I have to implement a Python based web server on a Linux based firmware for an embedded system component:
class WebServer(http.server.HTTPServer)
...
...
To enable ssl connections a ssl context is created within the server by
self.ssl_context = ssl.SSLContext(ssl.PROTOCOL_TLSv1_2)
self.ssl_context.load_cert_chain(certfile=cert, keyfile=key)
self.ssl_context.verify_mode = ssl.CERT_REQUIRED
self.ssl_context.load_verify_locations(verifyCert)
Note: cert is a file path to the certificate, keyfile is the path to the private key.
Upon a request the method get_request is called:
def get_request(self):
request = self.socket.accept()
if self.ssl_context:
req_socket, addr = request
connstream = self.ssl_context.wrap_socket(req_socket, server_side=True)
return connstream, addr
else:
return request
The wrap_socket method is used to wrap the original socket into a ssl socket, which is returned instead. That is all to provide a ssl connection.
Now the question:
The solution is a first implementation and not secure. We are oblidged to use a given hardware security module (HSM) to create and store certificates and private keys. Any private keys are completely hidden and will never leave the module. All cryptographic primitives have to be executed directly within the module. The interface to the HSM is PKCS#11, for which a vendor supplied dynamic middle-ware library exists.

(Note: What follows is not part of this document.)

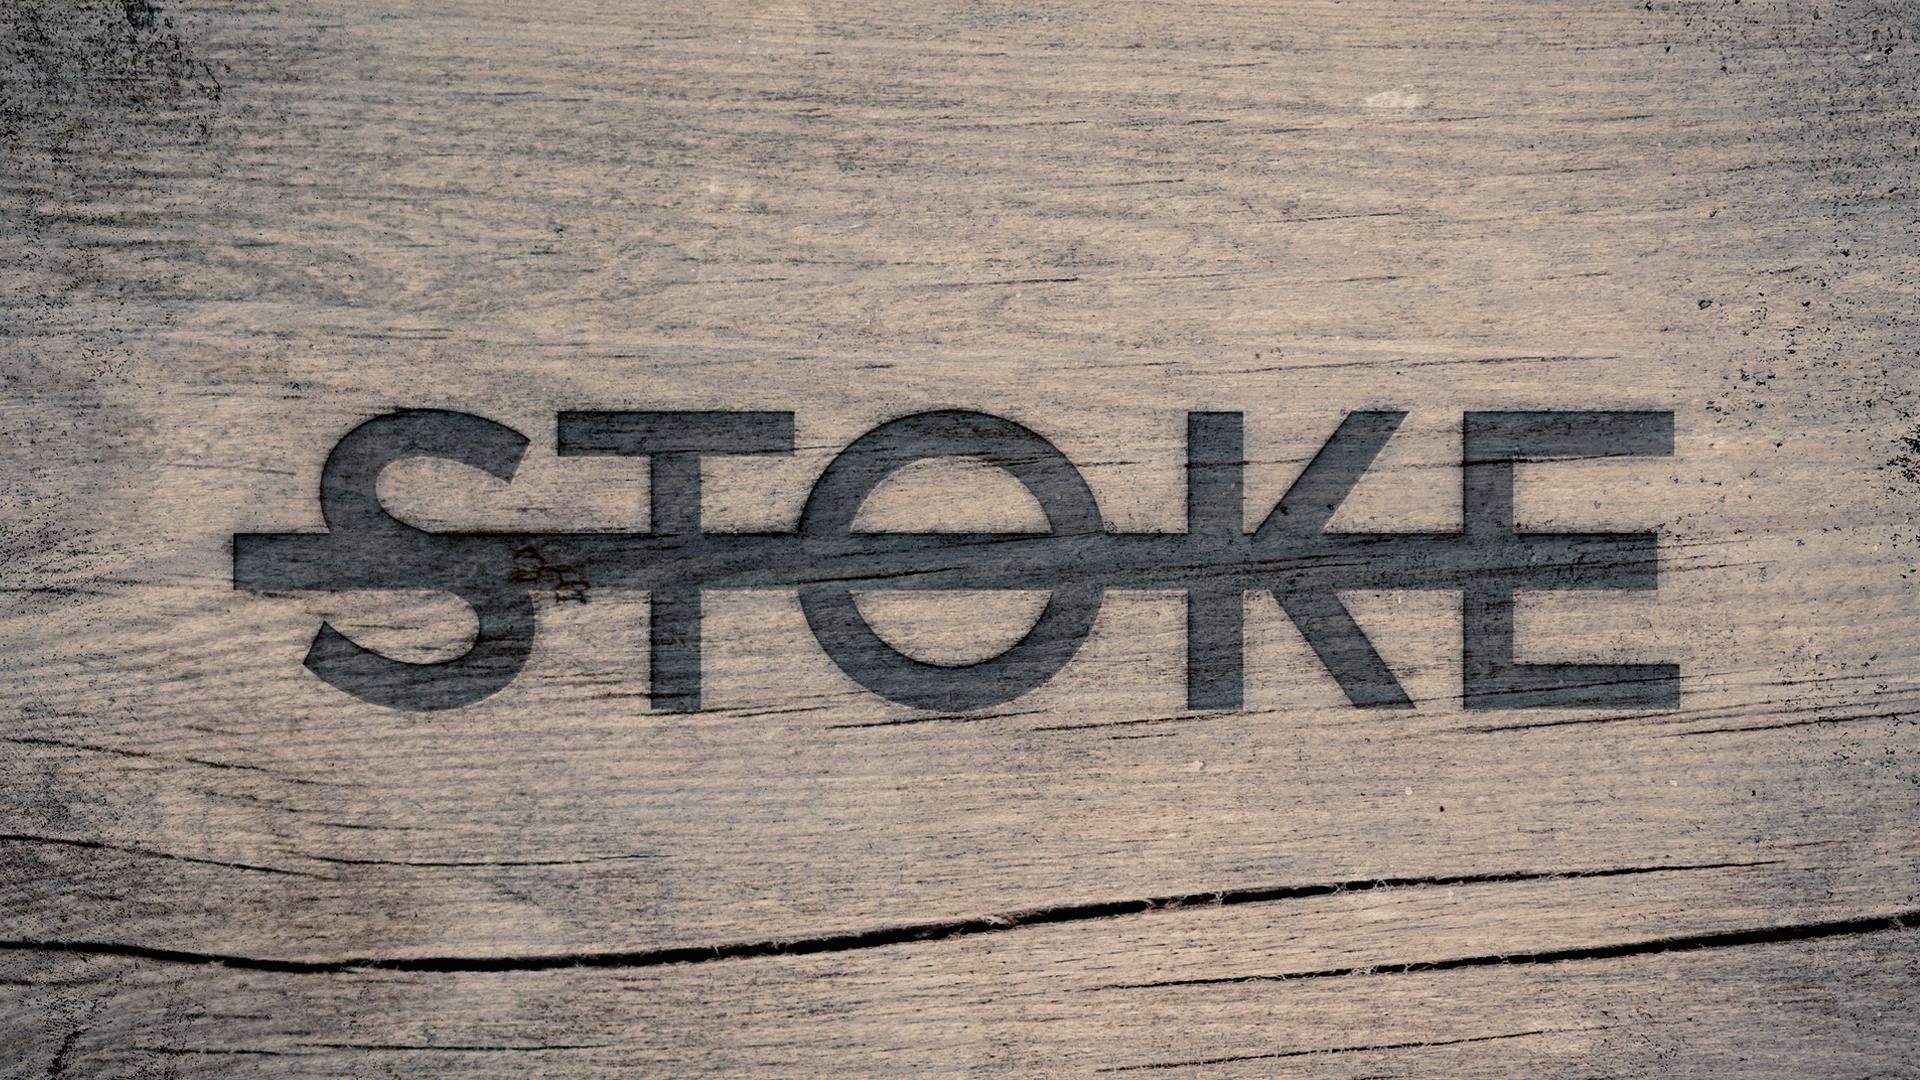 Logo van Stoke. Houten achtergrond met ingebrande tekst STOKE.
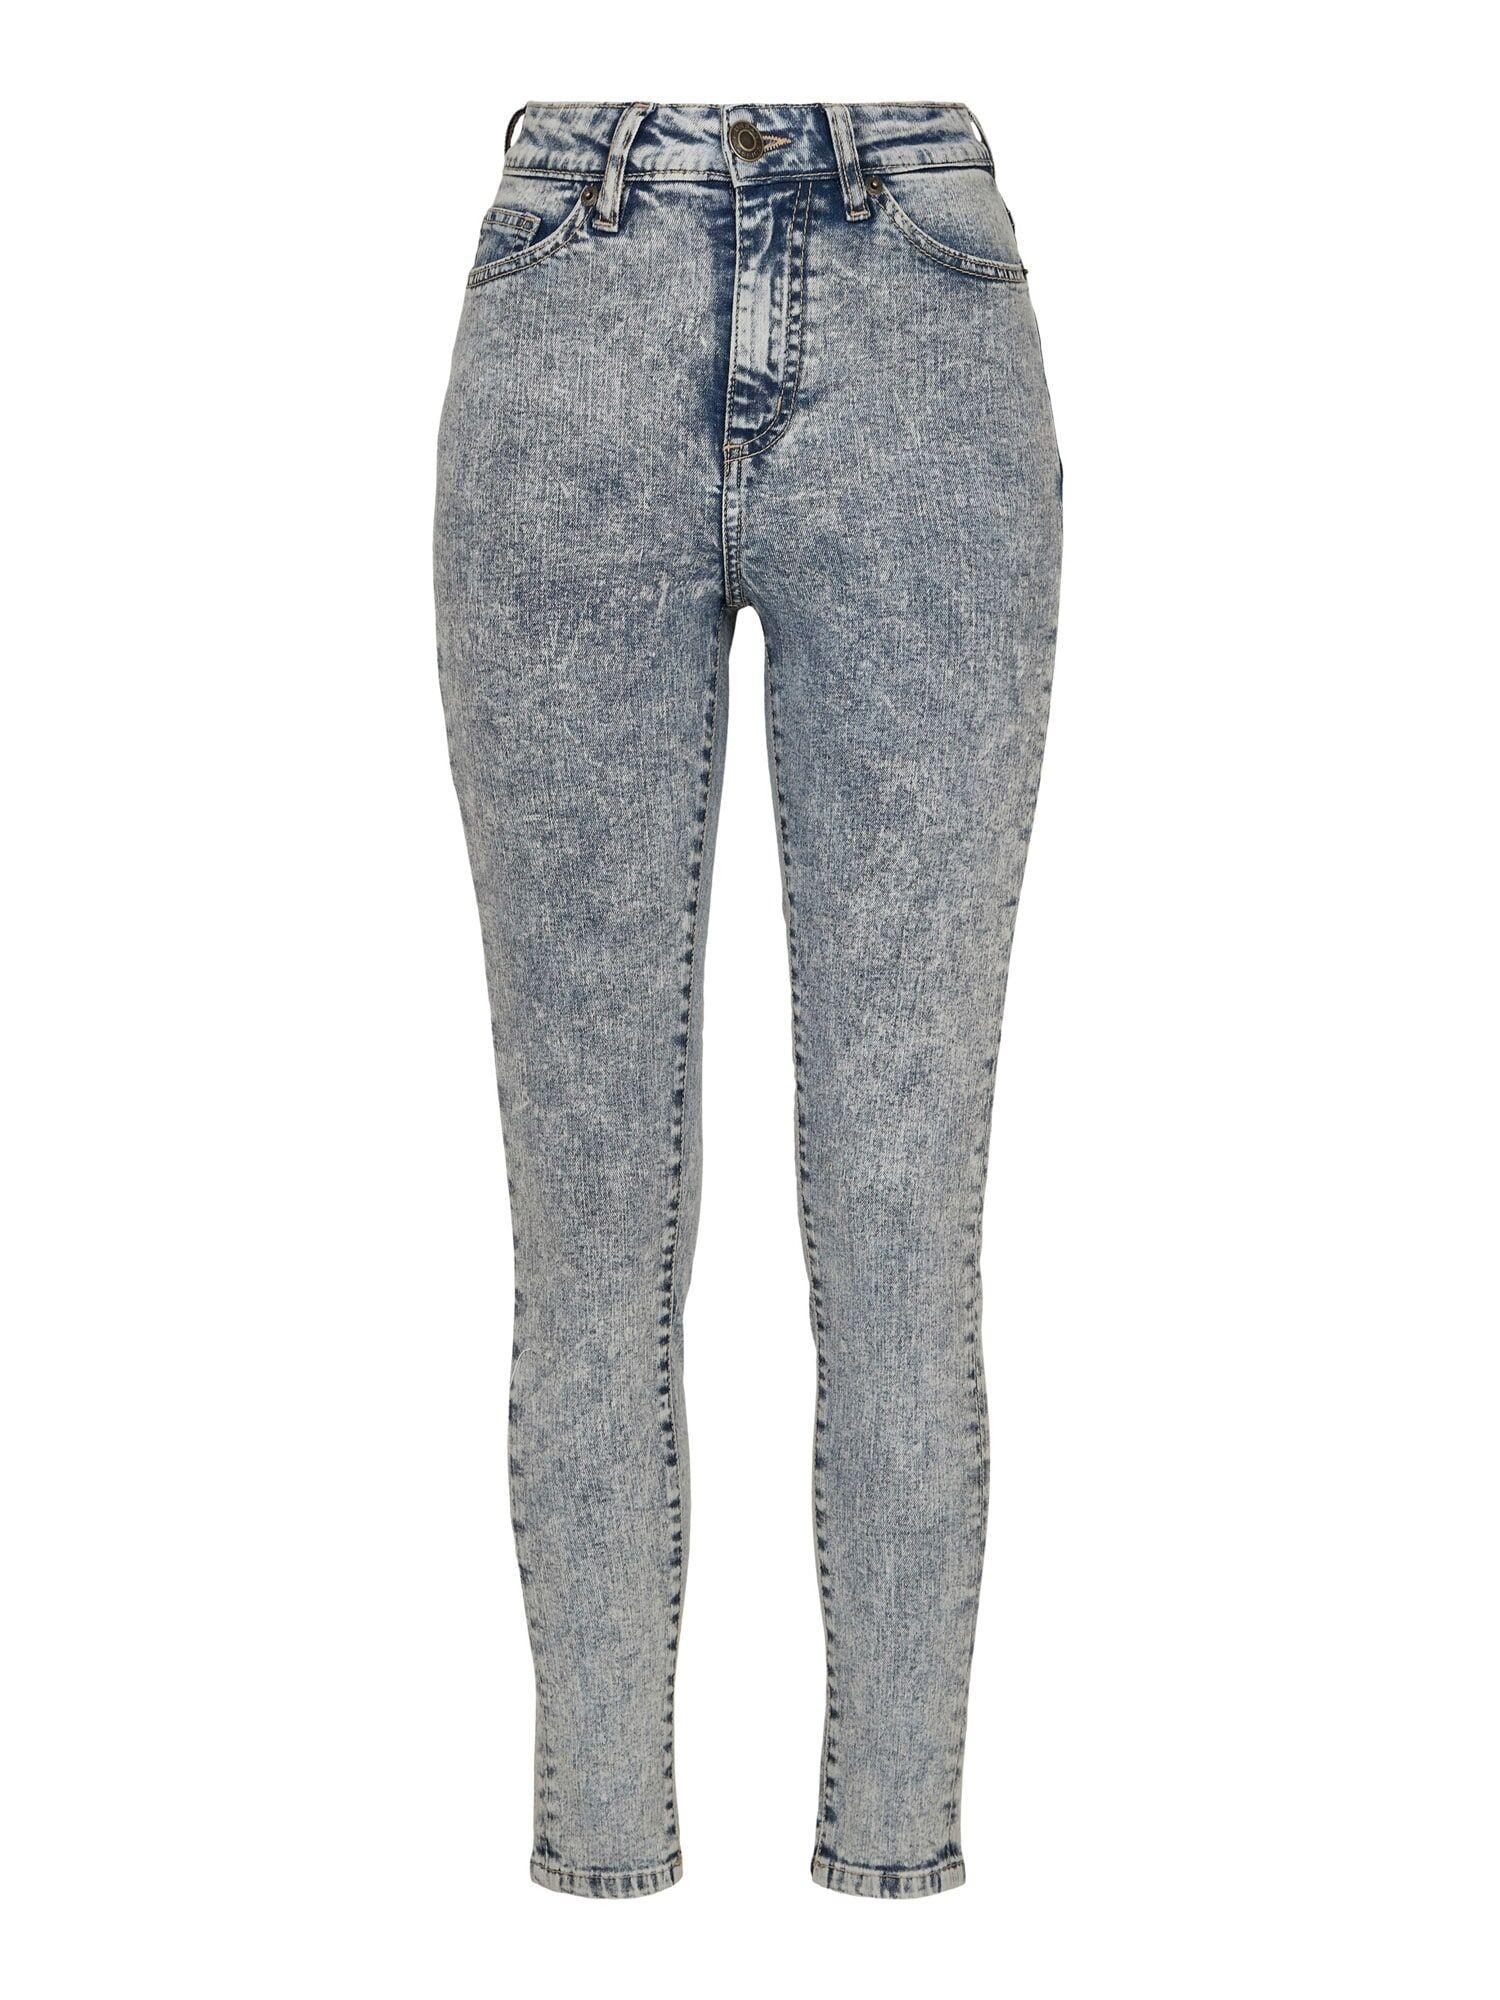 Urban Classics Jean  - Bleu - Taille: 29 - female

How can I use the module instead of the original ssl for setup of the ssl context under python? I know already, that ssl is based on openSSL, for which a PKCS#11 engine exists (libarary opensc-pkcs11.so). The middleware from the vendor provides the PKCS#11 API.
Unfortunately, I have no plan how the PKCS#11 engine is to be integrated into python's ssl/openSSL and how to tie all things together. Is it even possible to transparently use PKCS#11 instead of the native implementation, and if yes, how do I activate it from python? Moreover, how would I have to pass the arguments "certfile" and "keyfile", because both are not available anymore as plain files? In fact I have no access to the private key directly; there are only URL-based references to objects within the HSM used to operate on it.
Can PyKCS11 be a solution instead of ssl?
I just need to know the basic path to solving such problem. I can find all the details on my own.
It's not recommended to do this TLS stuff in the webserver with Python. It's better to do it using nginx or apache. They support both the pkcs#11 SSL context and are fast to negociate SSL since they are written in C.